Note: The horizontal tab (HT), the line feed (LF), and the space (SPA) characters are whitespace characters. They are non-printing control characters but they are used to affect the visible layout of the printable text. Most keyboards have dedicated keys for them (usually Tab, Enter, and Space Bar, respectively). I have therefore included them in the "printable ASCII" alphabet.
There are several problems with Unicode:
- It is not fixed. Every so often new characters are added.
- It is not a relatively small and manageable set of characters. Some reading indicates that it has 1,111,998 possible characters.
- It is not directly writable with a keyboard.
- Many glyphs look the same or are very similar, but represent different characters.
The primary problem with Unicode is that editing Unicode text is difficult, as soon as you stop using a dedicated subset of it. It is feasible to write French text using a dedicated French keyboard on a French-language computer system. It is a significant challenge to edit excerpts in e.g. French or Greek within an article written in English, using an English-language keyboard and computer system. In practice, this is usually done by a) writing special ASCII sequences using an ASCII keyboard and/or b) using a mouse and a dedicated software interface with buttons or lists.

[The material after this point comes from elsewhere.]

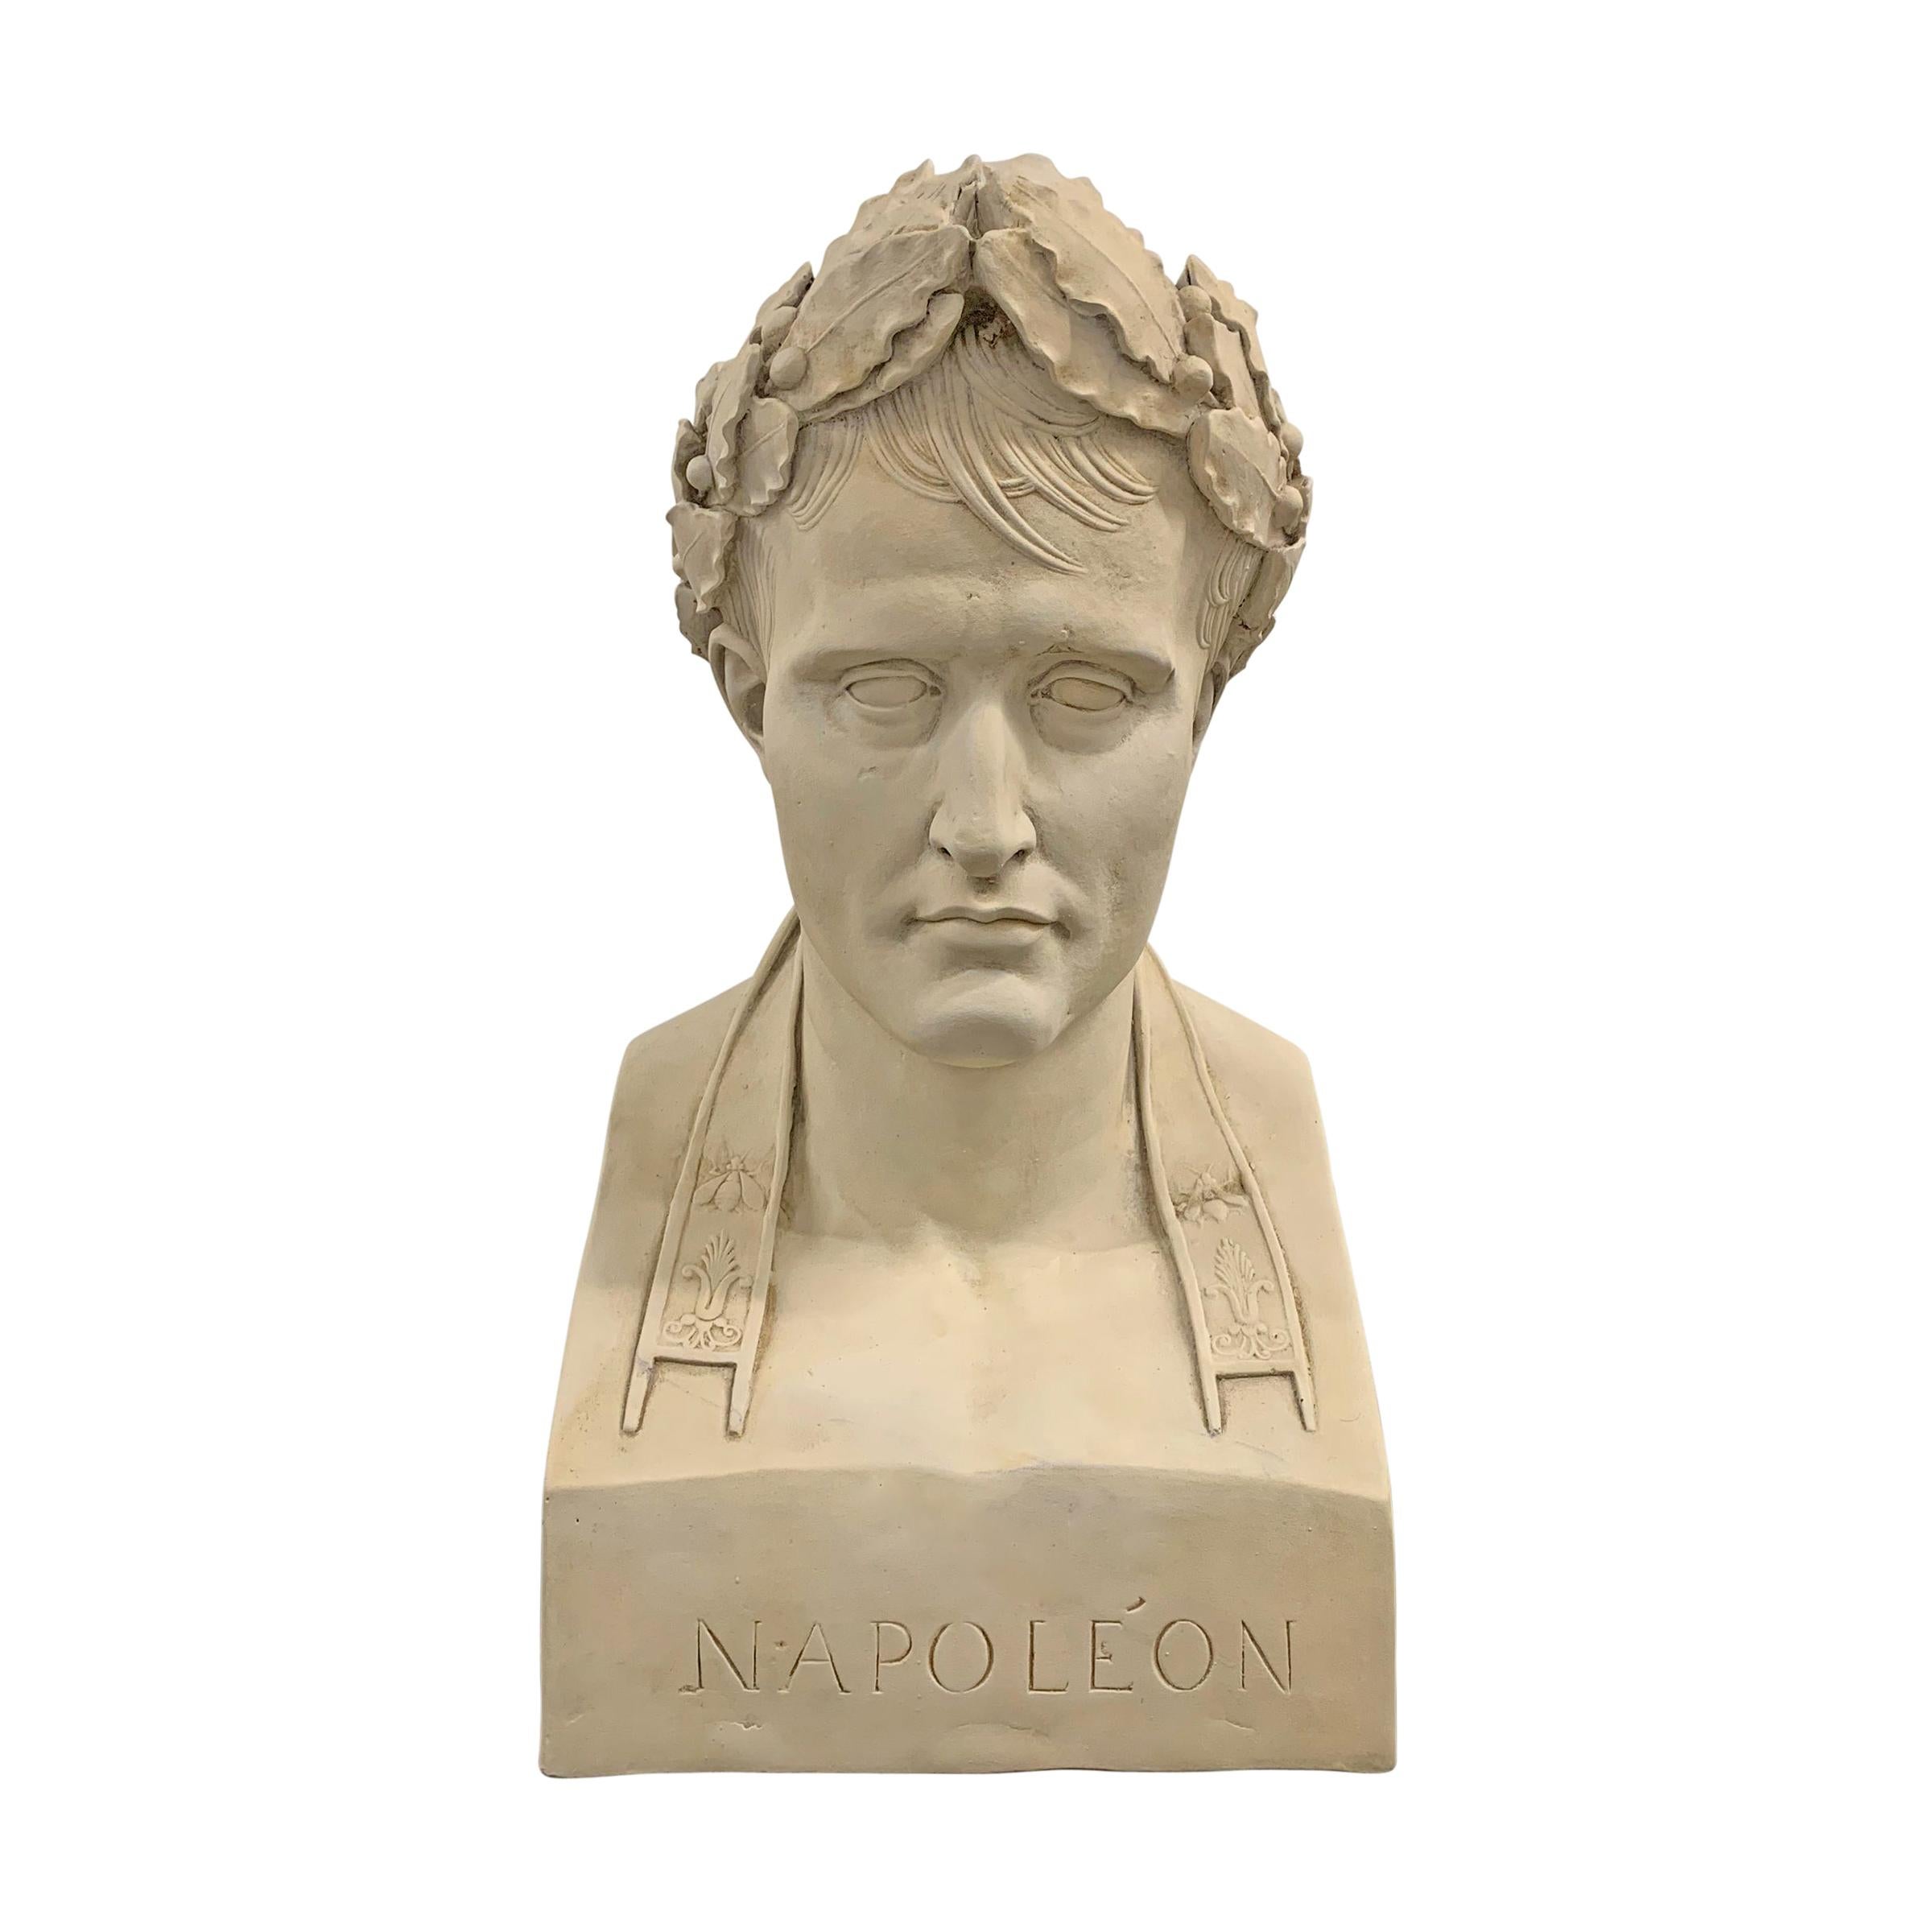 Napoléon Portrait Bust

My preference is simply to accept that keyboard-editable Unicode will consist of special ASCII sequences, and then design and use ASCII sequences that are relatively readable and editable. These sequences can later, in a further layer of software, be rendered as specialised glyphs, for those who wish to write French text directly using a French keyboard and computer system. If there are problems (and there are always problems), the text degrades gracefully into ASCII sequences.
If you think about it, this is how ASCII works anyway. The actual alphabet in a computer is [0, 1]. When you type 'A', the computer actually stores this text: 01000001
01000001 is a sequence written using the letters 0 and 1 that encodes the ASCII character 'A'.
So, using the same approach, I can declare that the ASCII sequence {e'}, written using the letters {e} and {'}, encodes the Unicode letter {é}.
Important properties for an encoding:
- All characters in the encoding must have the same length (the same number of characters in the underlying alphabet). All ASCII characters are written using eight 0s or 1s. [0] If the length is not fixed, code that searches the text will be harder to write and slower to run.
- Ordered
Note: A new version of an encoding may change the characters and their order.
In the Unicode standard, the first Unicode block is identical to ASCII.
The next Unicode block is the Latin-1 Supplement. It includes the more common characters with diacritics that are used in various European languages. Some reading indicates that ASCII and Latin-1 together can handle the following languages: Afrikaans, Basque, Catalan, Danish, Dutch, English, Faroese, Finnish, French, Galician, German, Icelandic, Irish, Italian, Norwegian, Portuguese, Spanish and Swedish. Note: Some rare characters (e.g. the capital Y with an umlaut in French) are not handled.
I have developed an encoding for the Latin-1 Supplement (see the table below). Every character is written as a two-ASCII-character sequence. I have tried to choose ASCII character sequences that resemble the Latin-1 character or are related to it in some way. This will hopefully make the encoding relatively readable and editable in its raw ASCII form.
Today, Unicode is usually (although not always) successfully rendered by various programs e.g. web browsers. So, my preference is to write and store European text in my encoding, but to then render it into Unicode when it is requested by a web browser (note: the rendering can be cached).
Within ASCII text, I enclose my encoded Latin-1 data within opening and closing tags, like so:
<latin-1>e'</latin-1>
This is a markup language approach, so I have called my encoding Edgecase Markup Language (EML).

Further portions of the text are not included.